One of the questions thrown up while we were brainstorming for a children’s workshop on emotions was “How does your child generally make you feel?” The question was meant to throw up reactions that parents feel while facing challenging situations with kids. Speaking for myself, I occasionally am amused with my kids, often frustrated and irritated, sometimes discouraged, embarrassed, guilty and my list went on a bit longer than I was comfortable with!
The fact is that as parents, children are our measure of success and worthiness. We judge ourselves by their success and achievement. We compare ourselves with other parents and our kids with other kids to come up with our own success parameters.
What do you want as a Parent?
Truth be told, most parents want well behaved kids. They should be loving, respectful, honest, get good grades, be self motivated, be self confident, independent and you get the drift!
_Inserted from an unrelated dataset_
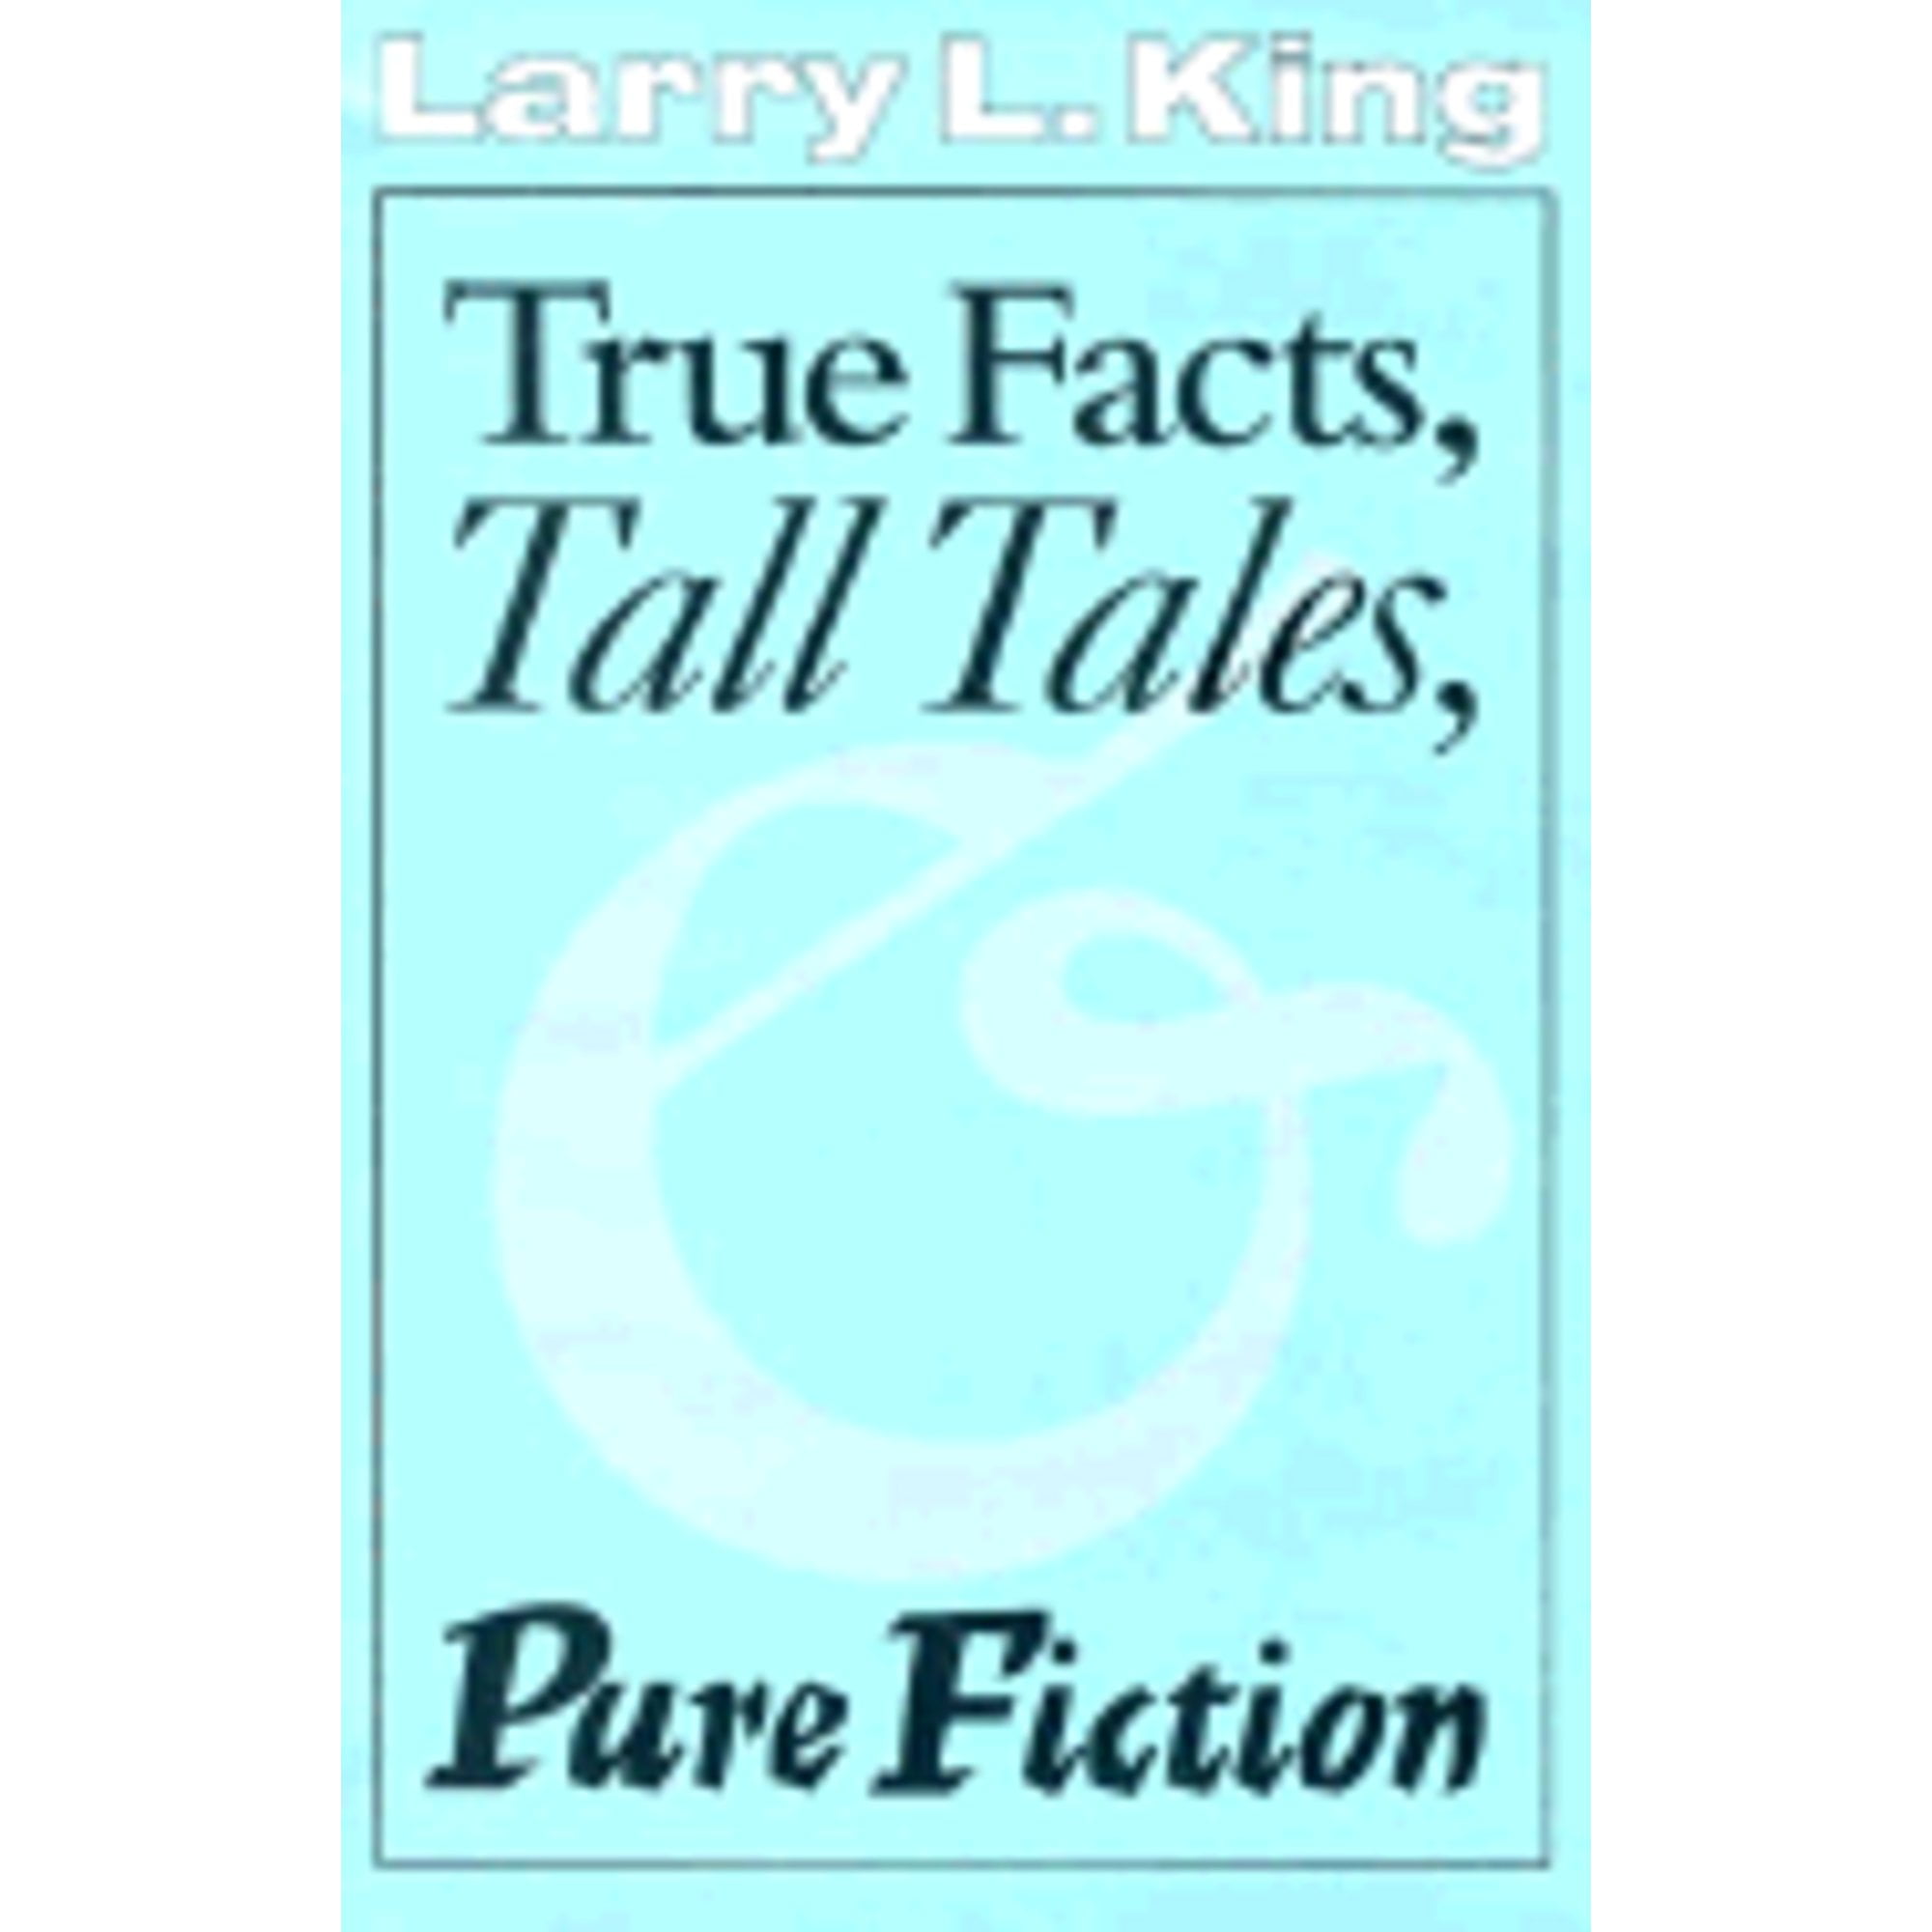 Pre-Owned True Facts, Tall Tales, and Pure Fiction (Pre-Owned Hardcover 9780292743298) by Larry L King, Jim Lehrer

Do your wants coincide largely with my list?
The reality check
We all believe that our kids are unique, but isn’t it surprising that our challenges are so similar, well by and large!.”It’s so annoying to repeat the same instruction more than 3 times on deaf ears” or “ I am so drained from nagging ,whining, manipulating and quarreling” or “I am exhausted from shouting and threatening, that’s the only thing that seems to work!”
All we seem to be doing is punishing our kids and then we go on to feeling extremely guilty for getting angry in the first place. The classic reaction is to either blame yourself and feel ineffective as a parent or justify our anger and blame the child.
Raising well behaved kids is not easy!
Dr Sal Severe child psychologist, in his book “How to behave so your children will, too!”says that patterns of reaction in parents are generally two ways. They either give in to misbehaviour because they do not feel like confronting the problem now or they react with anger. Now reacting in anger will definitely affect future misbehaviour and non confrontation of the problem will make misbehaviour worse to so its better according to him, to be proactive to avoid discipline problems.
Keys to successful parenting:
- Parents and children are partners in discipline
- Discipline is a teaching process and not a punishing process
- Your behavior and emotions affect a child’s behavior and emotion
- Teach them to think for themselves
- Teach kids self control so that they are in control and not under control
- Build self esteem
- Emphasize cooperation and not control
- Be consistent; what you say, you follow through
- Most importantly do not let misbehavior keep you from enjoying your child
- Be strict but positive and develop a child like sense of humor
- Learn to appreciate kids even when they make mistakes
- Be open to change
Not all of the above principles /ideas might make sense to you because each parent and child is unique. So feel free to pick what works for you and remember they need not work all the time!